167 Menschen kamen 2002 im Dubrowka-Theater ums Leben - die russischen Sicherheitskräfte hatten Gas in das Gebäude eingeleitet, um Hunderte Geiseln aus der Gewalt tschetschenischer Terroristen zu befreien. Der Europäische Gerichtshof für Menschenrechte hat Russland deshalb jetzt zu Schadensersatzzahlungen verurteilt.

Der russische Staat muss den Opfern des Geiseldramas von 2002 Schadensersatz zahlen. Damals waren bei der Erstürmung des Moskauer Theaters insgesamt 167 Menschen ums Leben gekommen.

Angehörige suchen in der Patientenliste eines Krankenhauses nach den befreiten Geiseln

Bei der Erstürmung des Moskauer Dubrowka-Theaters kamen 2002 mehr als 150 Menschen ums Leben. Auf einer Liste vor einem Krankenhaus suchen verzweifelte Angehörige nach ihren Familienmitgliedern.

(Foto: DPA)

Der Europäische Gerichtshof für Menschenrechte (EGMR) in Straßburg verurteilte die Regierung in Moskau, 64 Kläger mit insgesamt 1,25 Millionen Euro zu entschädigen. Die Befreiungsaktion der russischen Sicherheitskräfte sei schlecht vorbereitet und durchgeführt worden, hieß es in der Urteilsbegründung.

Tschetschenische Terroristen hatten das "Nordost"-Musical überfallen und Hunderte Menschen über Tage als Geiseln genommen. Bei der Erstürmung des Theaters wurden die etwa 50 tschetschenischen Geiselnehmer getötet. Durch das eingesetzte Narkosegas kamen jedoch auch zahlreiche Geiseln ums Leben.

Die Straßburger Richter bewerteten die Befreiungsaktion als Verstoß gegen das Recht auf Leben der Europäischen Menschenrechtskonvention. Das Gericht wies jedoch einen Großteil der Forderungen der Kläger zurück. Sie hatten über eine unverhältnismäßige Brutalität der Sicherheitskräfte und eine unzureichende medizinische Versorgung der Opfer geklagt.

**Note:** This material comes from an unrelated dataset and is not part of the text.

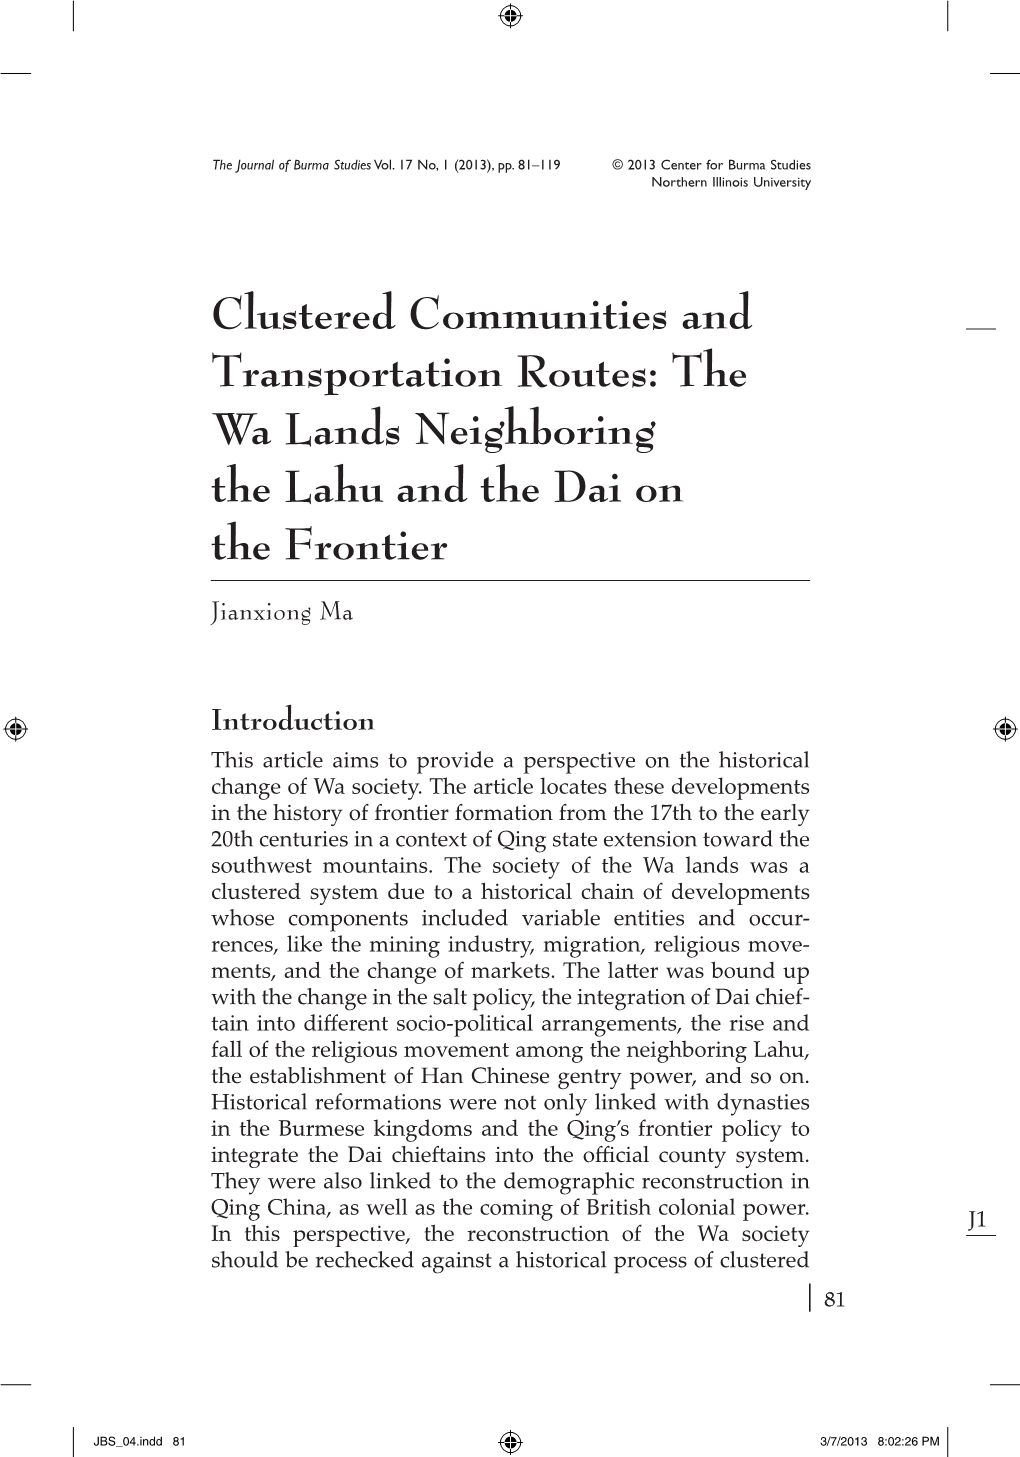 Clustered Communities and Transportation Routes: the Wa Lands Neighboring the Lahu and the Dai on the Frontier Jianxiong Ma

Der EGMR kam zu dem Schluss, dass die Erstürmung angesichts der besonderen Umstände das "geringere Übel" gewesen sei. Auch die Entscheidung der russischen Behörden, Narkosegas einzusetzen, hat der Gerichtshof akzeptiert. "Angesichts der Umstände war der Einsatz von Gas bei der Stürmung nicht unverhältnismäßig", hieß es.